Trinidad has its fair share of security issues like many islands in the Caribbean, but Jonathan de la Rosa of Monsta Tarpon offers an experience in a quiet, tranquil part of the country that is far from crowds and large cities. After being picked up at the airport, we first took a one-hour van ride to Chaguaramas in Western Trinidad, and then our group of four took the 5-minute boat ride over to Gaspar Grande Island where Jonathan and his family own a private villa that they rent to fishing guests. One open-air building houses the kitchen and dining area, and the other building has three bedrooms and a living room. Our group of four enjoyed the villa, although to be clear, there’s not much do once you’re on the island other than read, relax and enjoy the view. The island has no roads or walking paths; all the private homes are built on the edge of the island, and require boats for transportation. Fresh water and electricity are available via pipeline from the mainland, there’s hot water in the showers and air conditioning in each bedroom. We enjoyed the food, which consisted of local fish, chicken and pork recipes as well as some hearty breakfasts each day.

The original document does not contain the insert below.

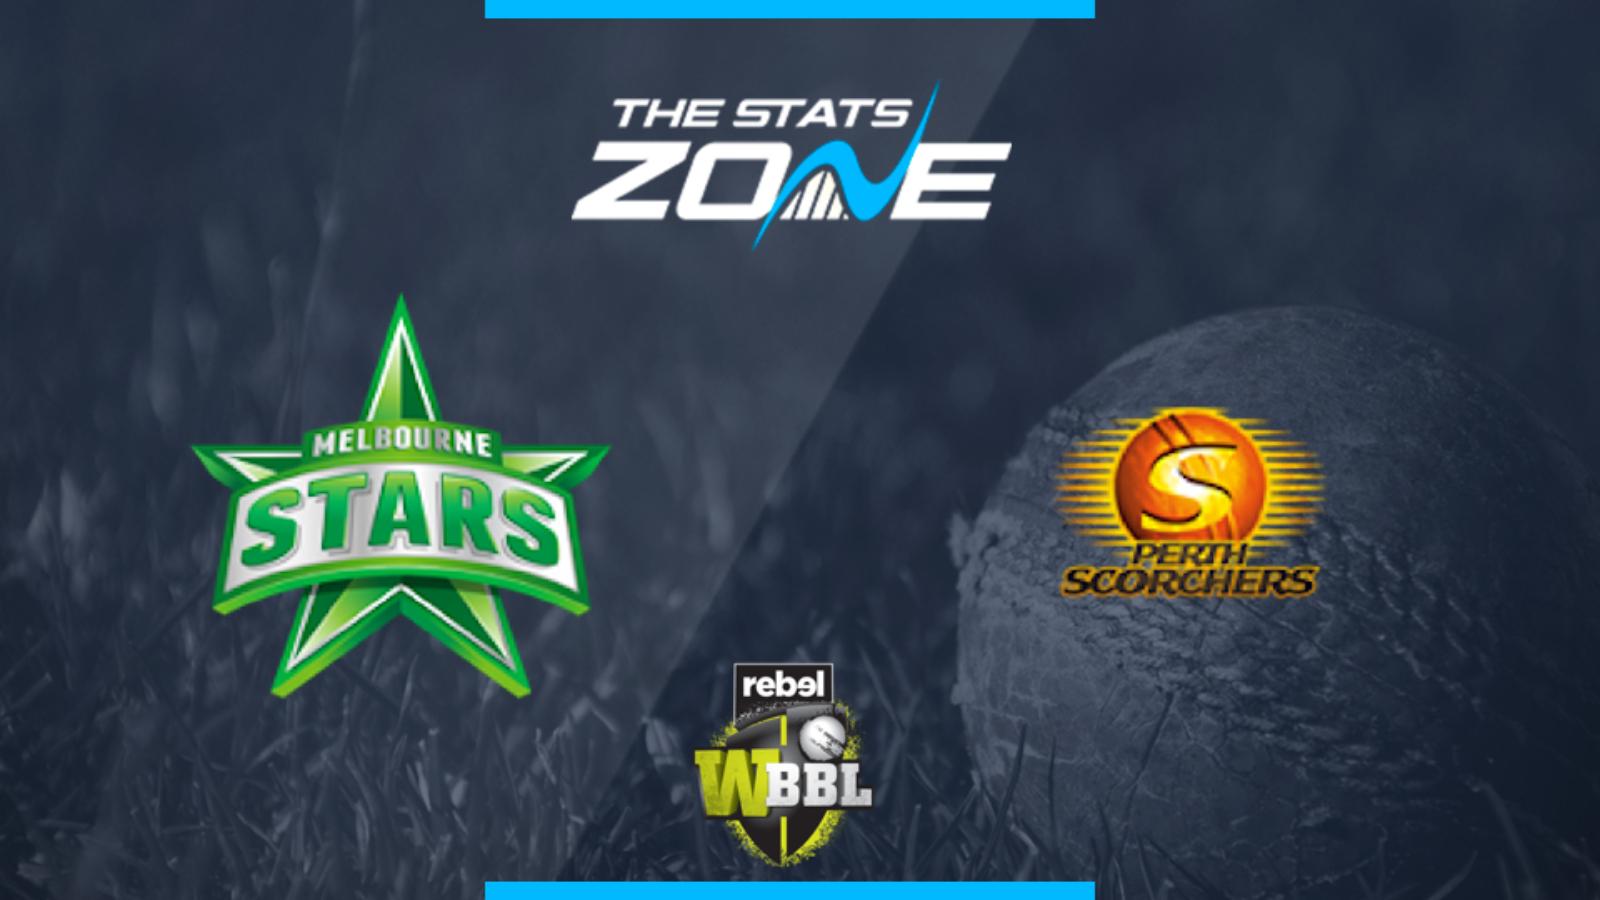 2019 Women's Big Bash League – Melbourne Stars Women vs Perth Scorchers Women Preview & Prediction - The Stats Zone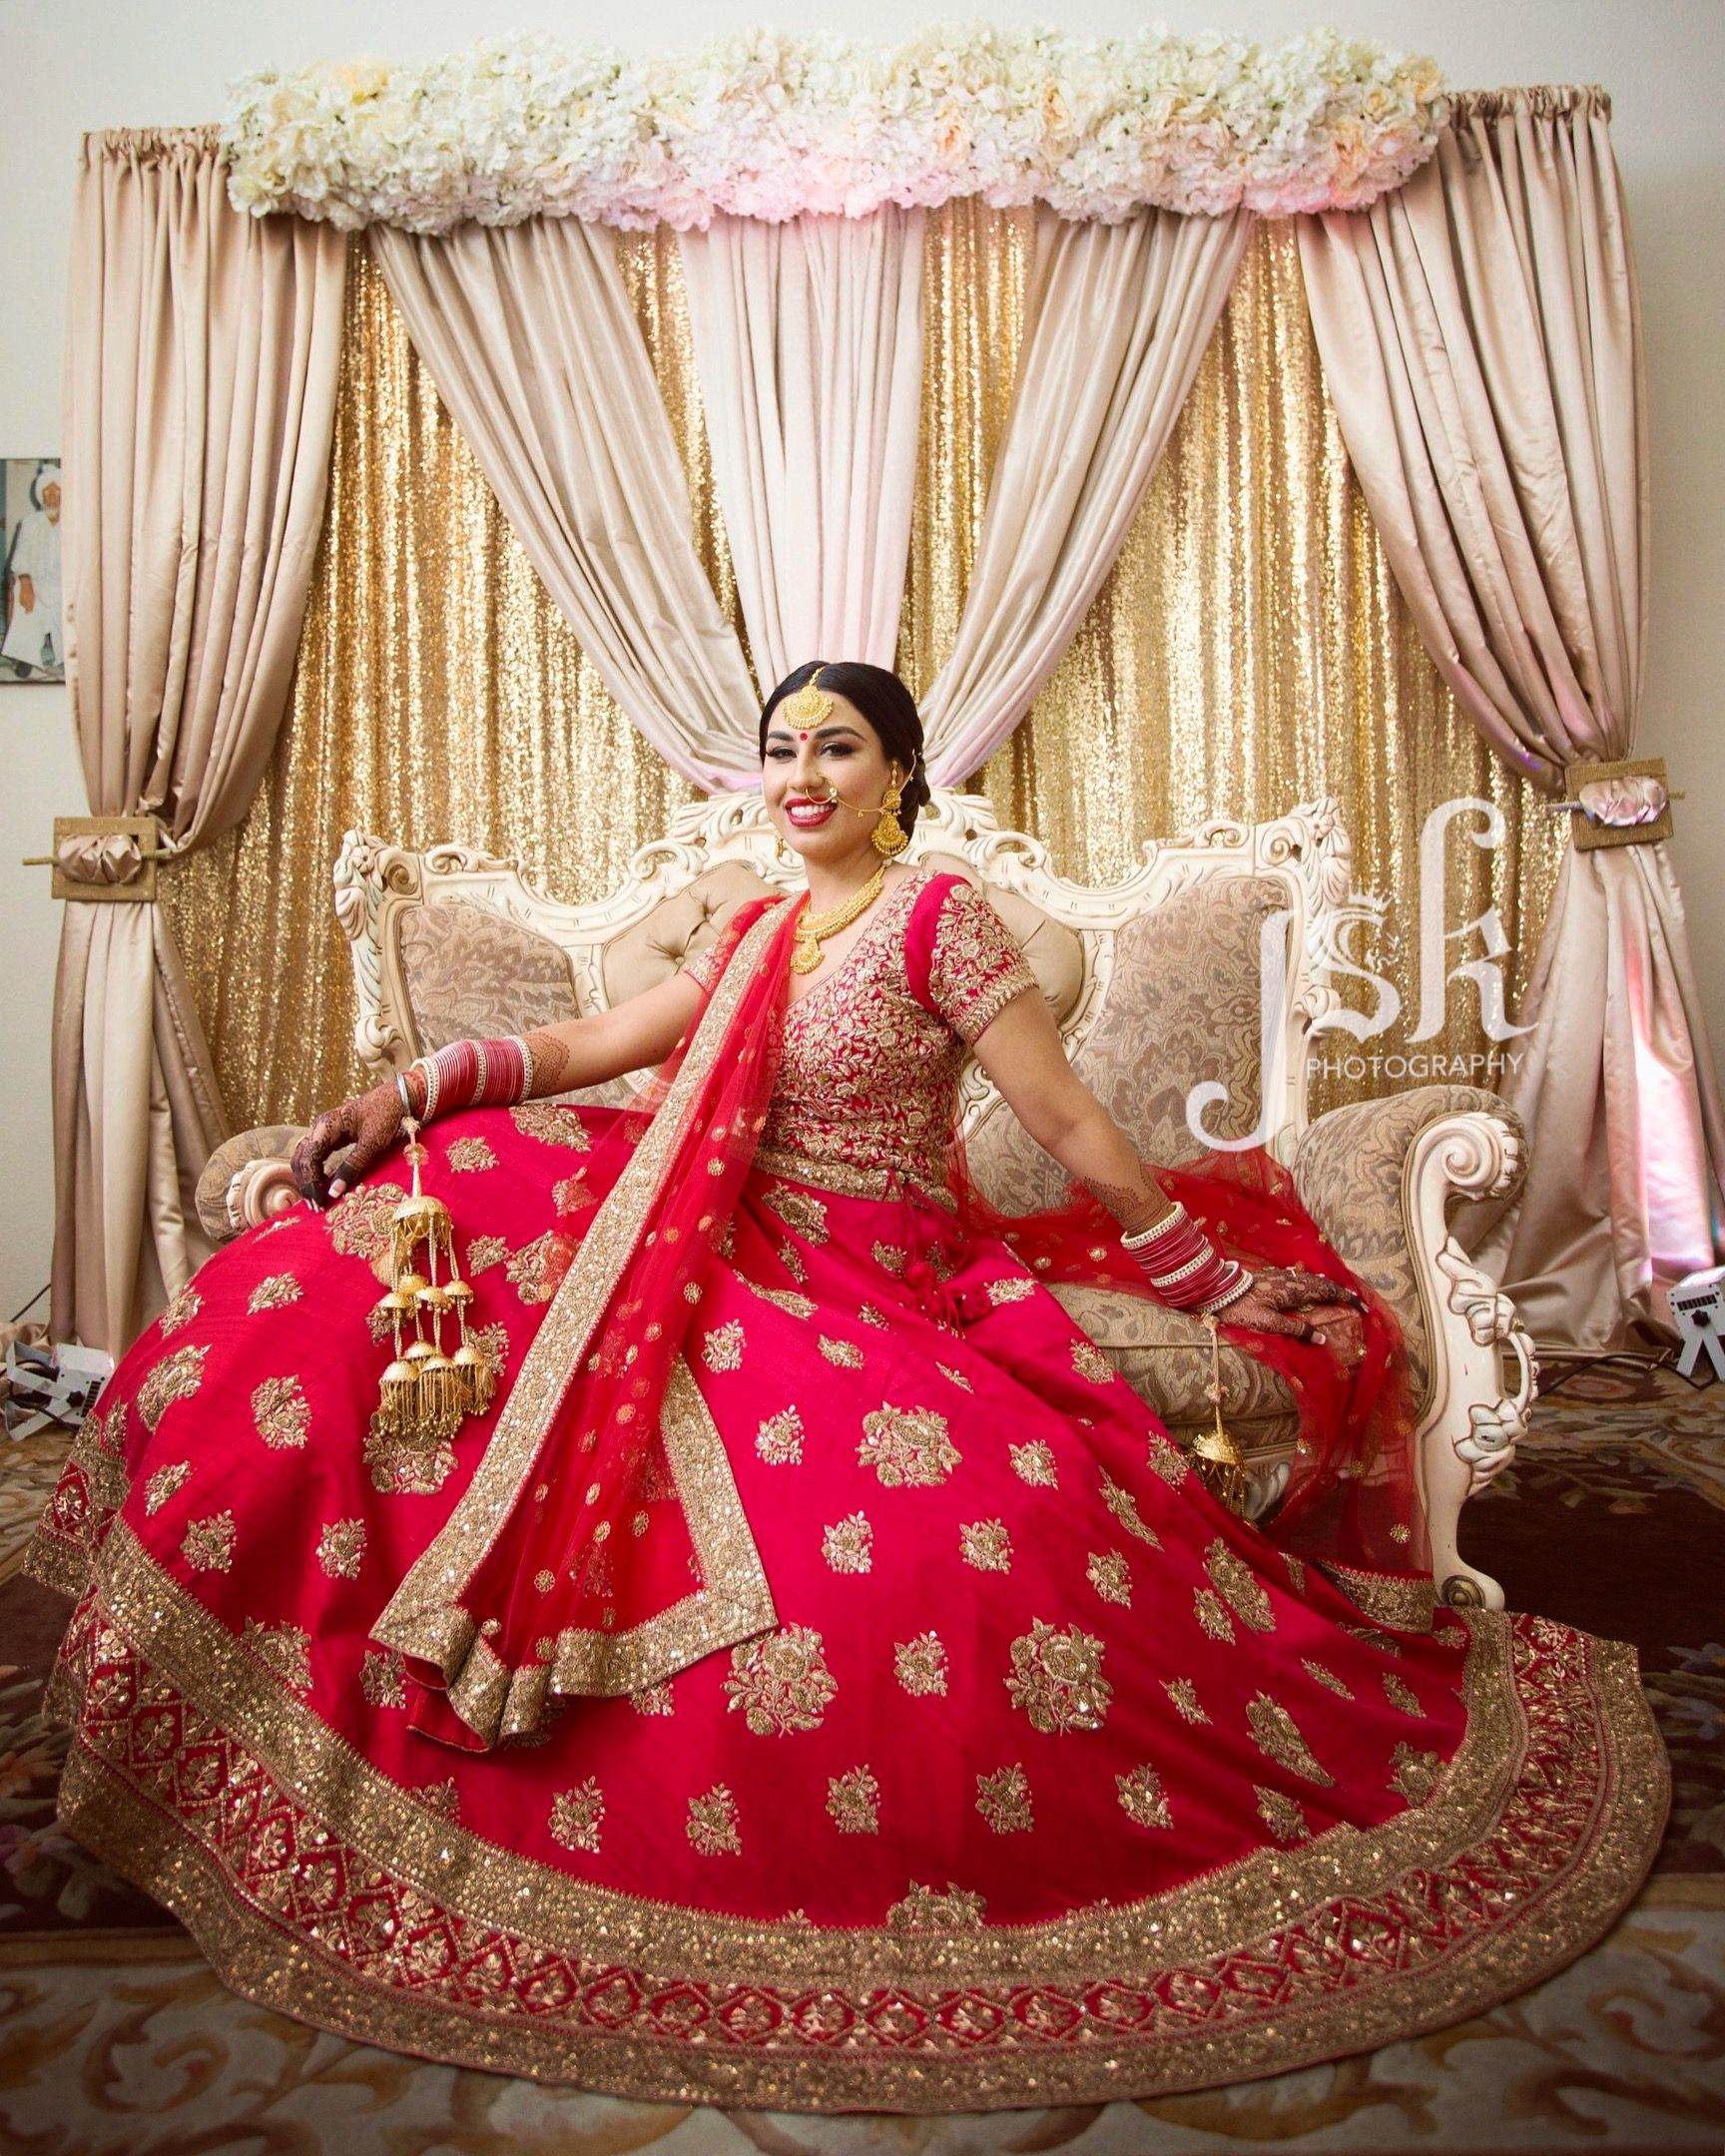 Bridal getting ready portraits cultural celebrations pinterest

Jonathan fishes both outgoing and incoming tides in Bocas del Dragon–the channels around the uninhabited islands west of Chaguaramas. The steep cliffs and rock formations on the islands make for some beautiful scenery while you slowly drift through the channel with the tide. The fishing areas are less than 15 minutes from Gaspar Grande Island. Most of the time, there were no other boats fishing, other than a couple of local fisherman hand-lining for mackerel or kingfish. Choice of tackle is up to you: lures, live baits or flies (more on that later). We’re not really fly fisherman, so we went with live baits which we would cast near the rocky cliffs of the islands. While you often lose some tarpon on their spectacular jumps, there are no bridges and little structure in these channels on which fish can cut your line. Water depths range from 40 to 100 feet, and for the most part, there are few underwater rock formations to worry about.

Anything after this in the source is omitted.